– О, круто. Так я это… может, позвоню тебе на выходных. Сходим куда-нибудь.
– Ага, давай, – отвечаю я и на беговой дорожке опять погружаюсь в радостные размышления. Если Эмми Ньюэлл и звала меня девять раз по имени, я этого не слышала.
Сегодня после уроков Софи осталась в художественной мастерской: рисует маслом абстрактное полотно к школьной выставке в следующем месяце. После моей тренировки мы прогуливаемся до недорогой аптеки, где Софи подбирает мне помаду какого-то особого оттенка.
– Я так рада, что в этом году будет после десятого мая. Уже потеплеет, и мне не придется надевать куртку. С платьем она смотрится отвратительно.
– Софи, я сомневаюсь, что ты сможешь выглядеть отвратительно, даже если сильно постараешься.
– Ой, Джози, заткнись! – говорит она с легкой улыбкой. И тут замечает то, что искала. Она протягивает мне тюбик бледно-розовой помады с названием «Конфетное блаженство»:
– Она подойдет к любому цвету платья, поверь мне. Стефан точно оценит.

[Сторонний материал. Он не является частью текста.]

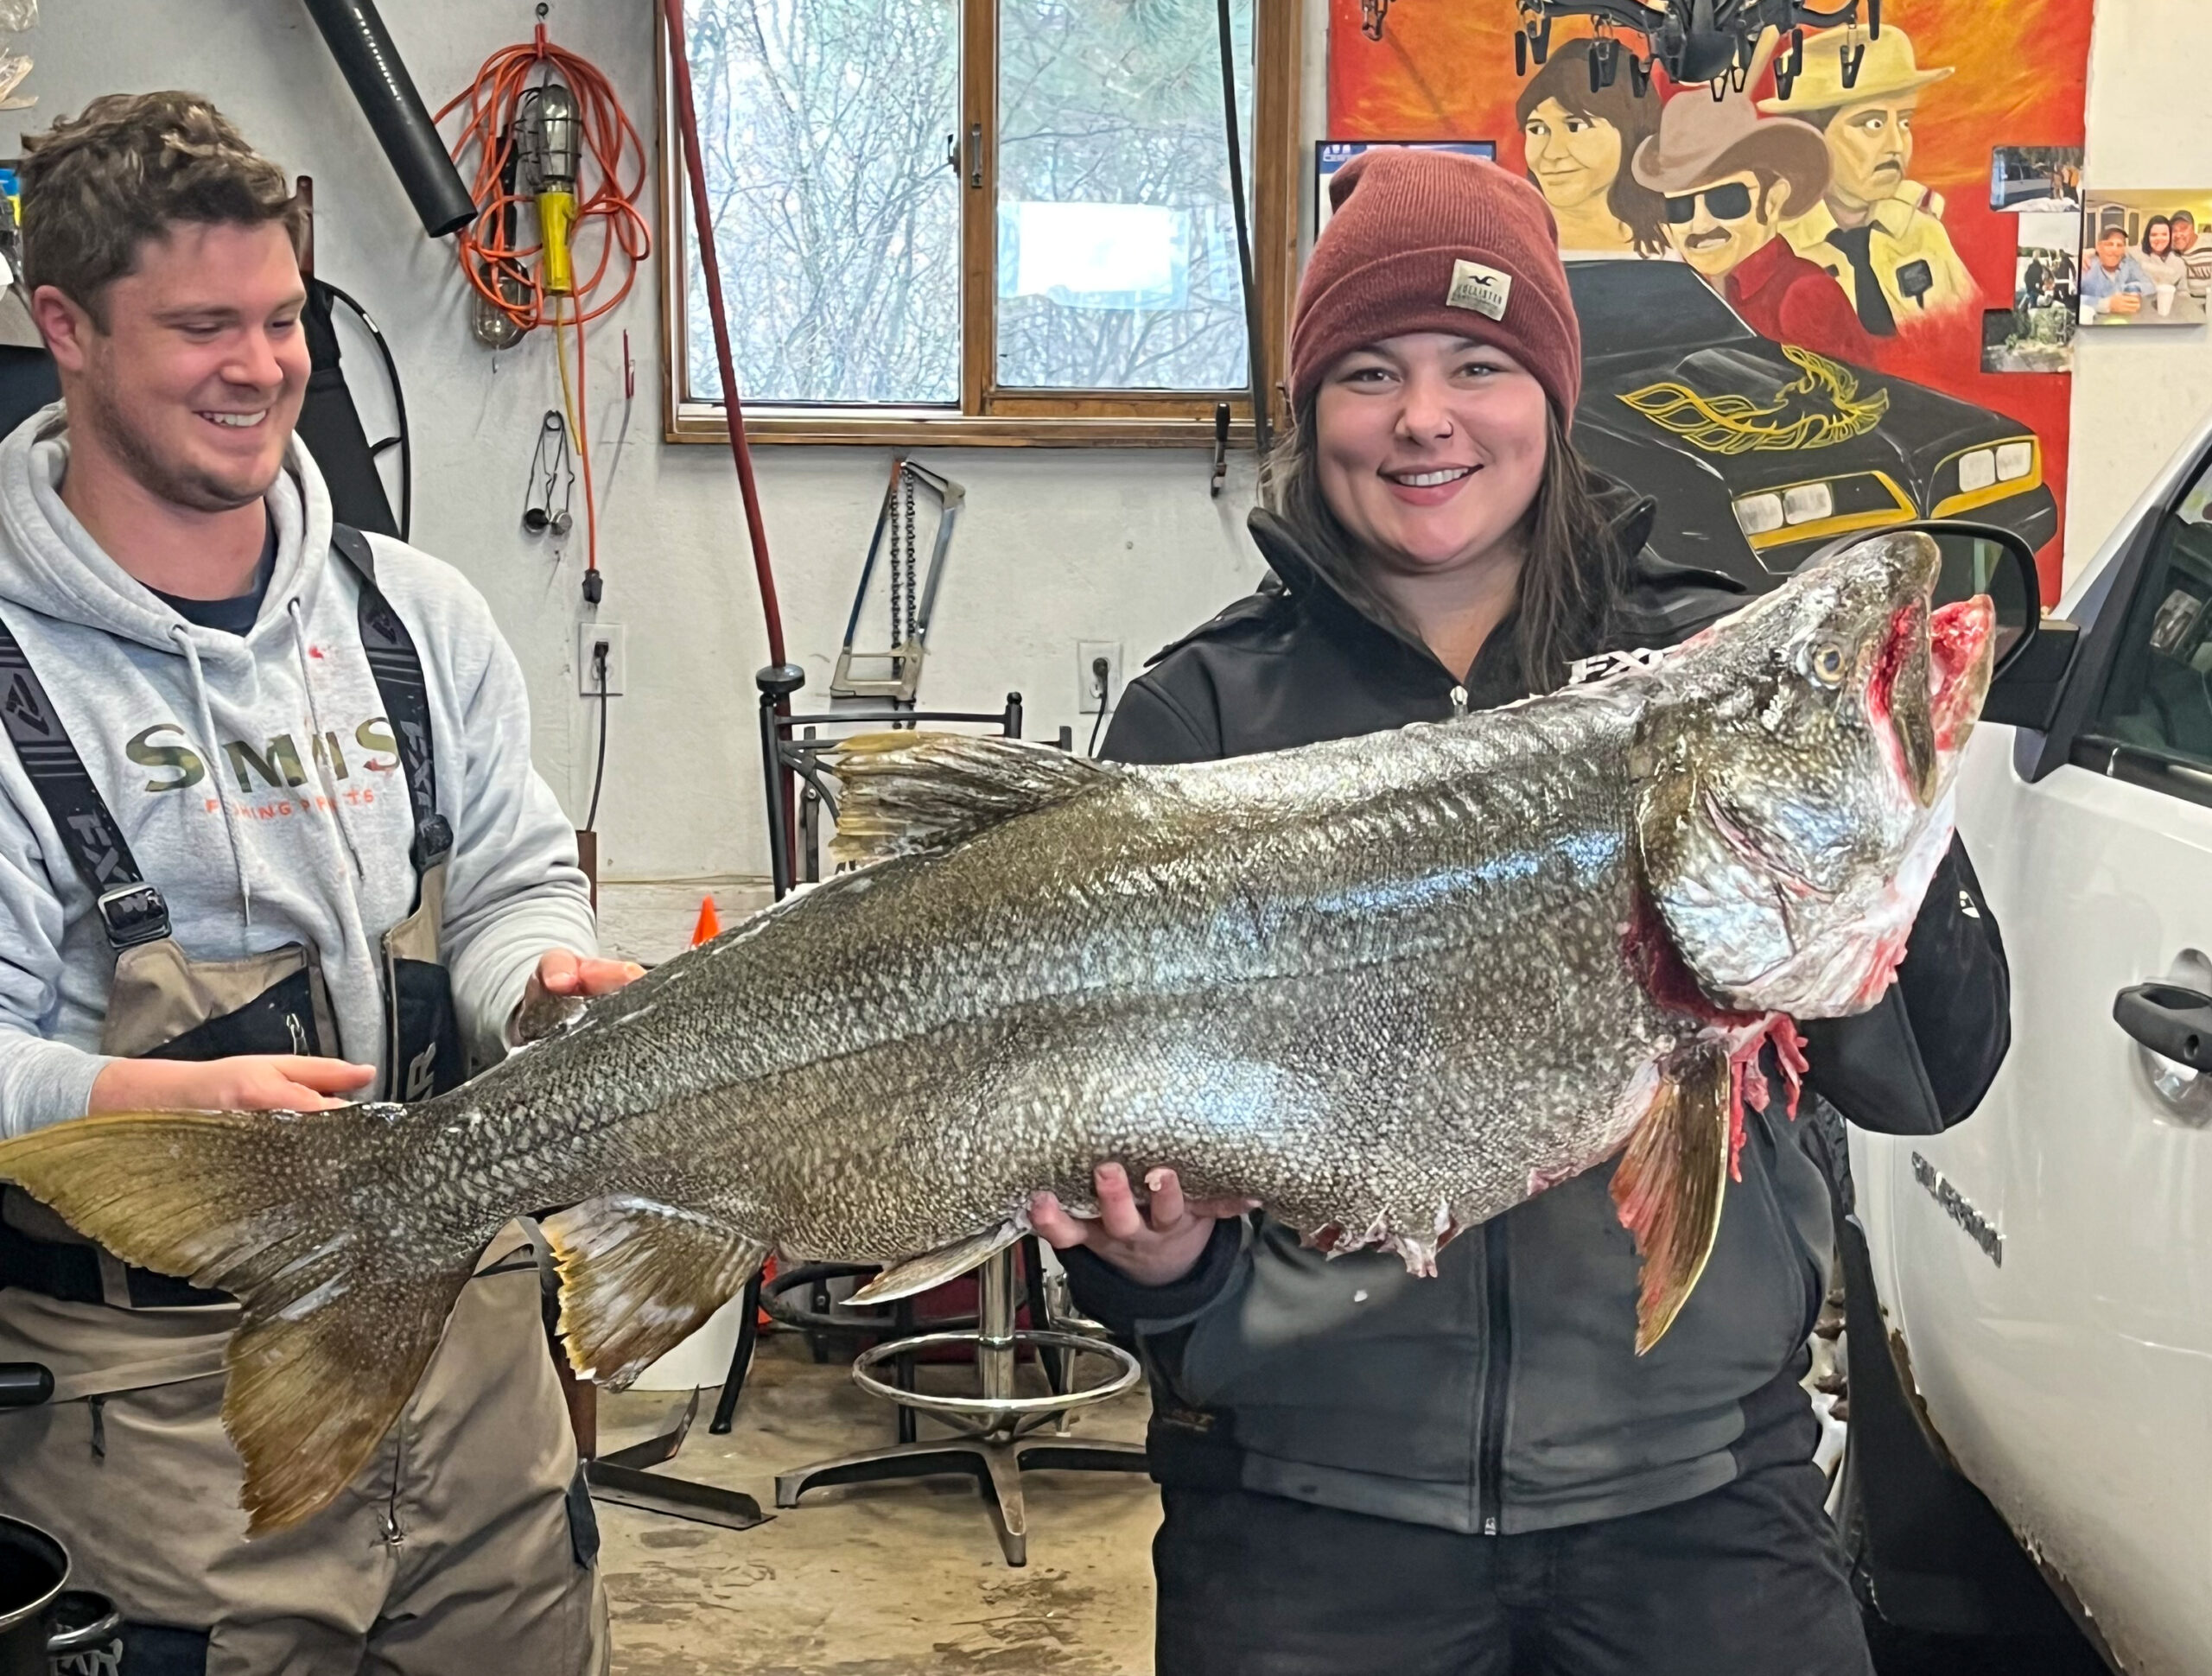 Ontario Anglers Have to Drill Second Hole to Land Giant Laker
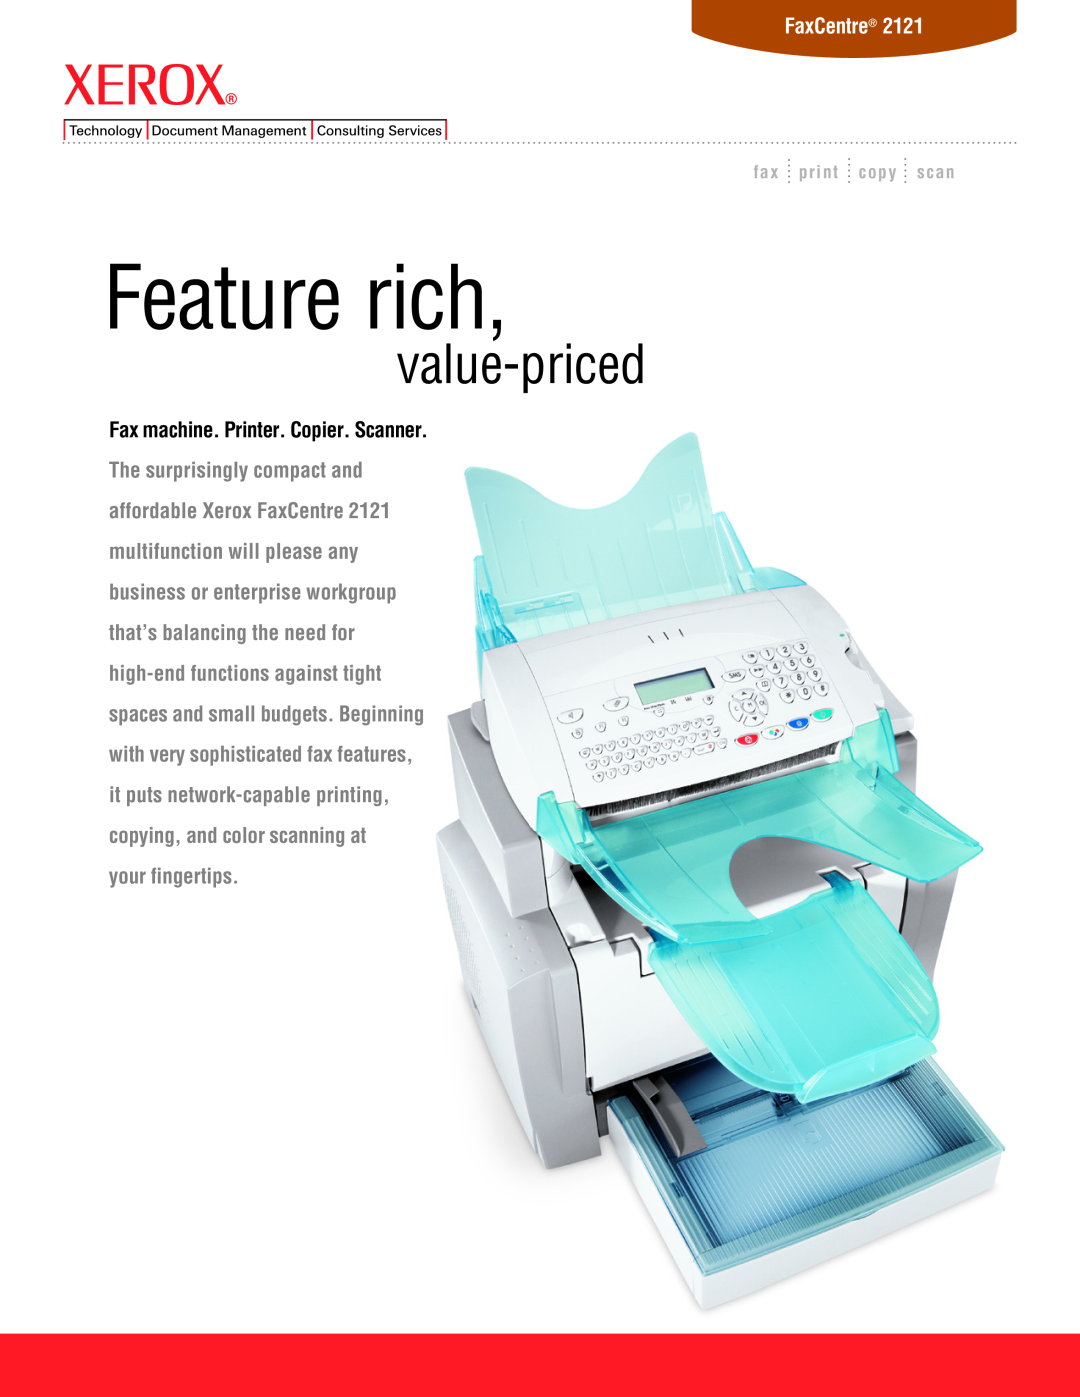 Xerox 2121 manual FaxCentre, Feature rich, value-priced, your fingertips, fax print copy scan

У меня пока нет платья, и на поиски остался всего месяц с небольшим. Софи купила себе наряд, как только определилась с кавалером. Это, кстати, Адам Гибсон, старшекурсник. Мы с ним немного знакомы. Так же, как я знакома со всеми в школе, как все со всеми знакомы. В каждом потоке всего человек по двести, поэтому ученики знают друг друга в лицо, даже если и не дружат.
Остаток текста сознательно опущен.